I want to serialize a Scalding TypedPipe[MyClass]
and desrialize it in Spark 1.5.1.
I am able to serialize/deserialize a "simple" case class containing only "primitives" such as Booleans and Maps, using kryo and Twitter's Chill for Scala:
//In Scalding
case class MyClass(val foo: Boolean) extends Serializable {}
val data = ... //TypedPipe[MyClass]
def serialize[A](data: A) = {
val instantiator = new ScalaKryoInstantiator
instantiator.setRegistrationRequired(false)
val kryo = instantiator.newKryo()
val bao = new ByteArrayOutputStream
val output = new Output(bao)
kryo.writeObject(output, data)
output.close
bao.toByteArray()
}
data.map(t => (NullWritable.get, new BytesWritable(serialize(t))))
.write(WritableSequenceFile(outPath))
//In Spark:
def deserialize[A](ser: Array[Byte], clazz: Class[A]): A = {
val instantiator = new ScalaKryoInstantiator
instantiator.setRegistrationRequired(false)
val kryo = instantiator.newKryo()
val input = new Input(new ByteArrayInputStream(ser))
val deserData = kryo.readObject(input, clazz)
deserData
}
sc.sequenceFile(inPath, classOf[NullWritable], classOf[BytesWritable]).map(_._2)
.map(t => deserialize(t.get, classOf[MyClass])) //where 'sc' is SparkContext
I am also able to serialize/deserialize a "complex" class, containing members of other custom classes written by me or not (e.g. org.joda.time.LocalDate
). I am registering the classes during serialization and de-serialization in the same order as mentioned in Kryo documentation, using kryo's default Serializer:
//In Scalding
class MyClass2(val bar: MyClass, val someDate: LocalDate) extends Serializable {}
def serialize[A](data: A) = {
val instantiator = new ScalaKryoInstantiator
instantiator.setRegistrationRequired(false)
val kryo = instantiator.newKryo()
kryo.register(classOf[MyClass2])
kryo.register(classOf[MyClass])
kryo.register(classOf[LocalDate])
kryo.register(classOf[ISOChronology])
kryo.register(classOf[GregorianChronology])
val bao = new ByteArrayOutputStream
val output = new Output(bao)
kryo.writeObject(output, data)
output.close
bao.toByteArray()
}
//In Spark
def deserialize[A](ser: Array[Byte], clazz: Class[A]): A = {
val instantiator = new ScalaKryoInstantiator
instantiator.setRegistrationRequired(false)
val kryo = instantiator.newKryo()
kryo.register(classOf[MyClass2])
kryo.register(classOf[MyClass])
kryo.register(classOf[LocalDate])
kryo.register(classOf[ISOChronology])
kryo.register(classOf[GregorianChronology])
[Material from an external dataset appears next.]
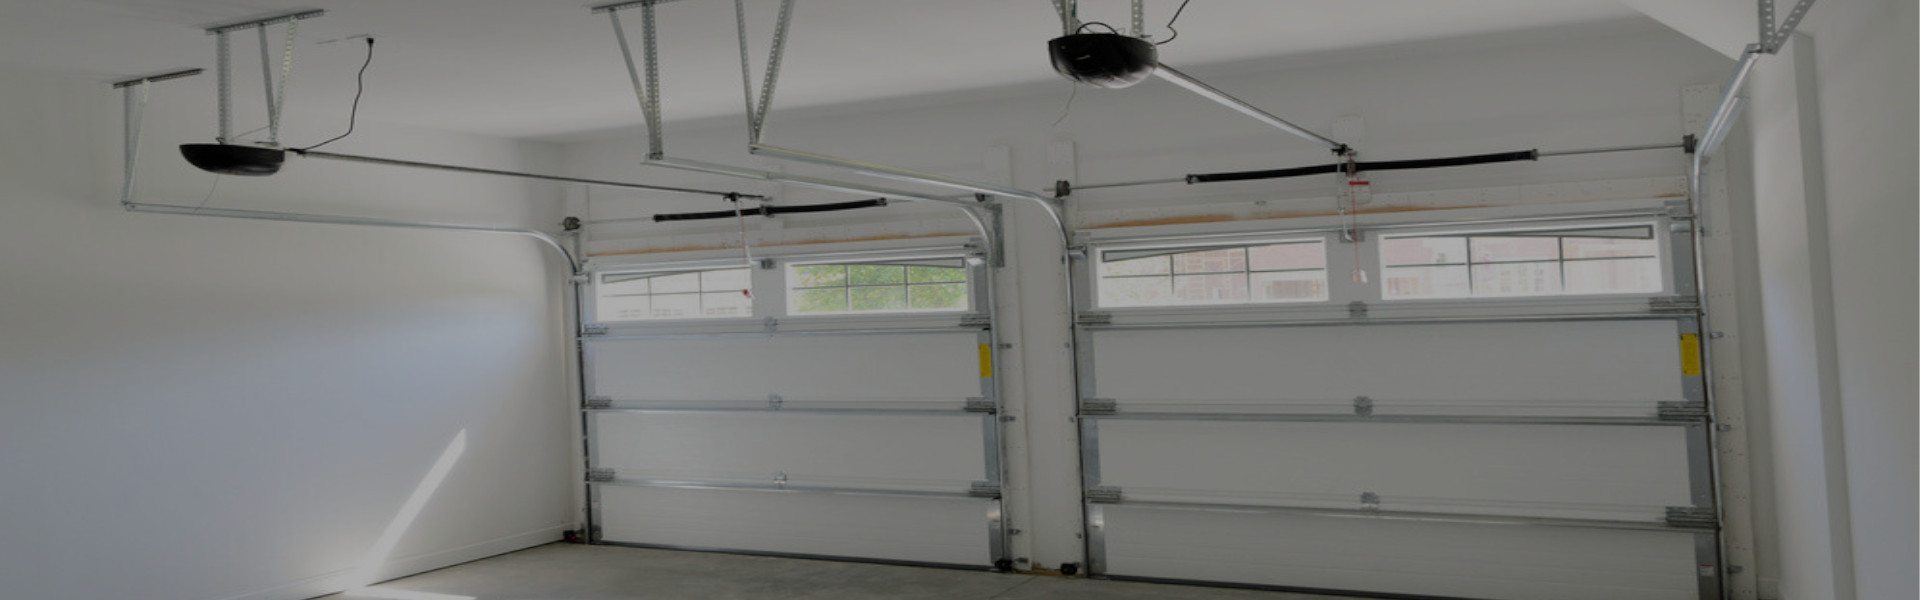 Slider Garage Door Repair, Glaziers in Raynes Park, South Wimbledon, SW20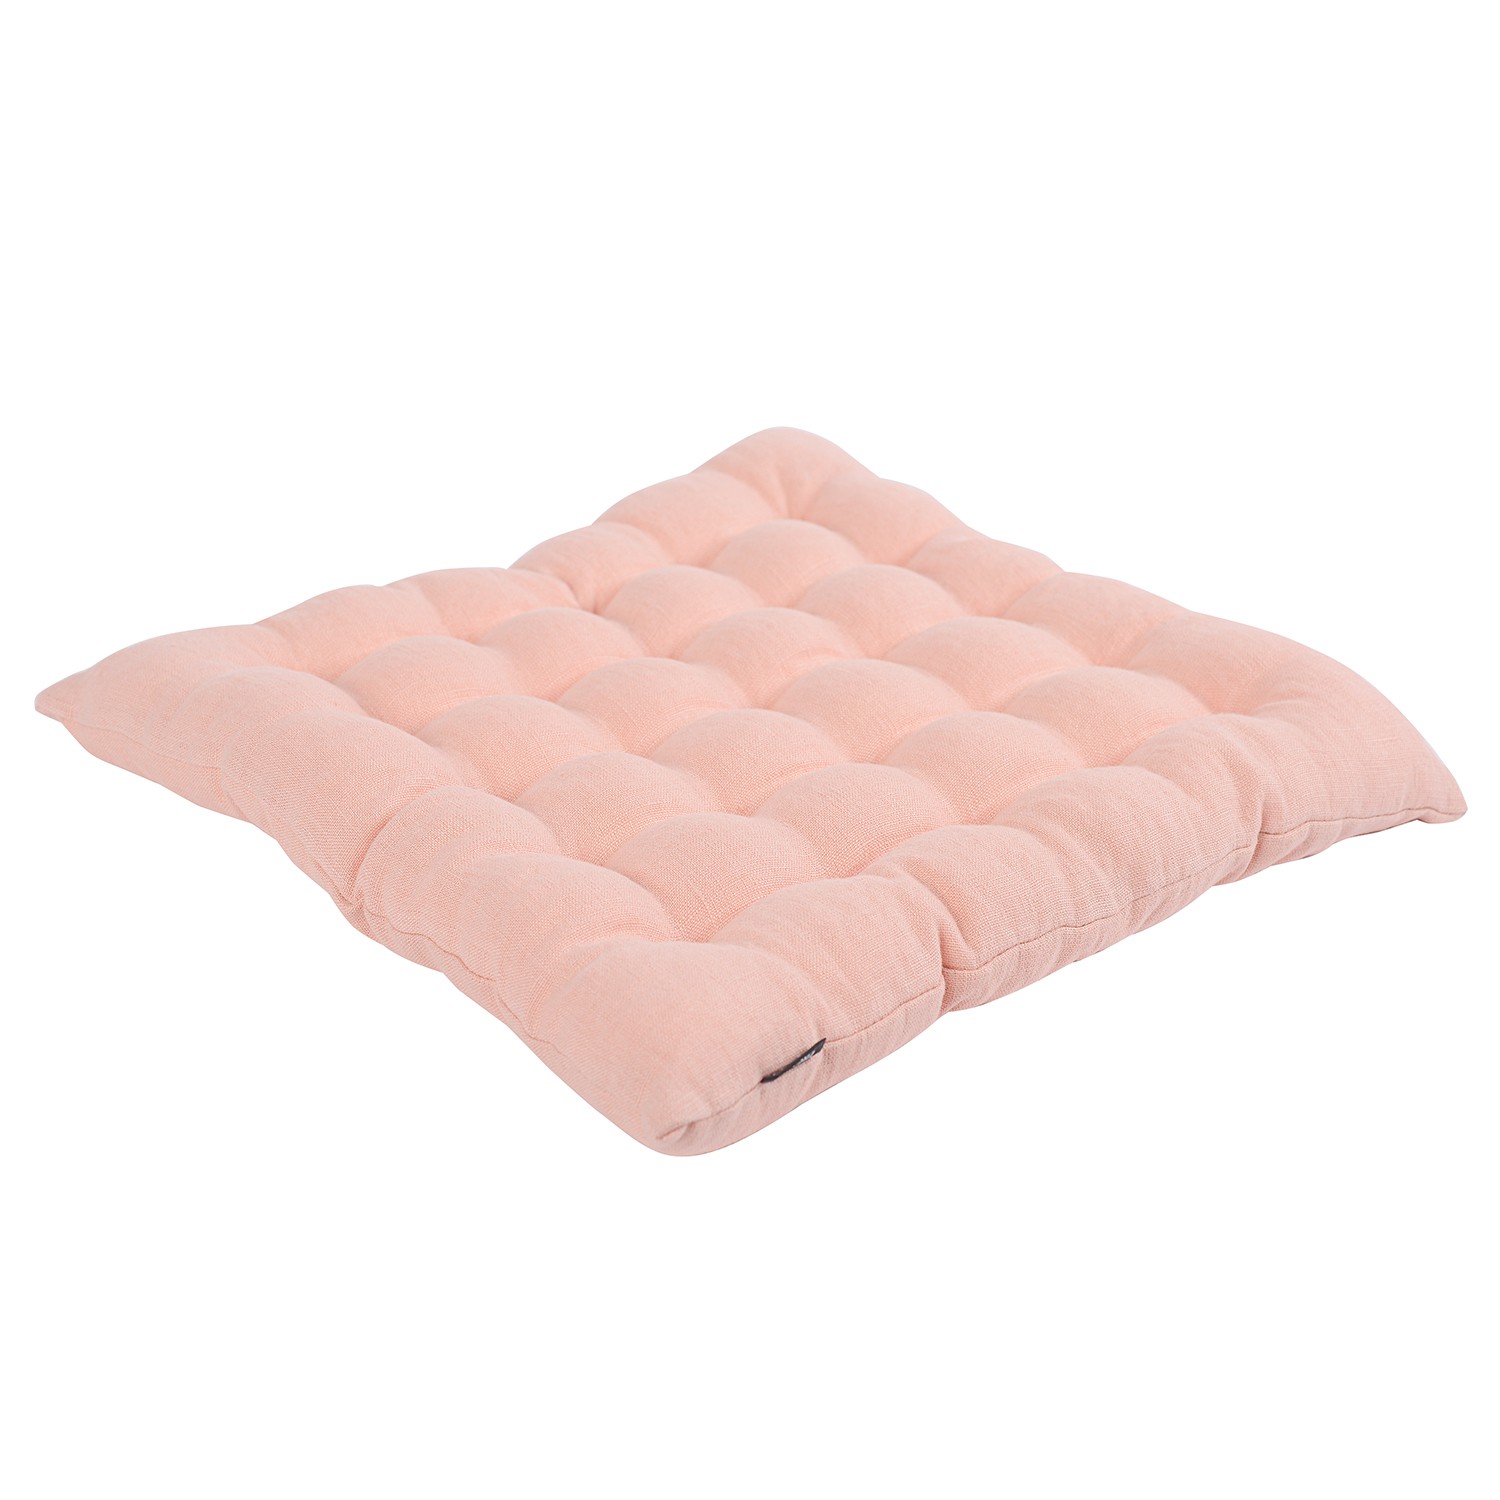 Подушка стеганая на стул из умягченного льна розово-пудрового цвета из коллекции essential, 40х40 см

val input = new Input(new ByteArrayInputStream(ser))
val deserData = kryo.readObject(input, clazz)
deserData
}
a) As said, this works but it seems too verbose. Am I missing a simpler way of doing this?
b) When I registered only LocalDate, Spark complained it didn't "know" ISOChronology. When I registered ISOChronology it complained it didn't know GregorianChronology. I registered GregorianChronology and Spark stopped complaining and everything works. Is there a way to register LocalDate "and everything in it"?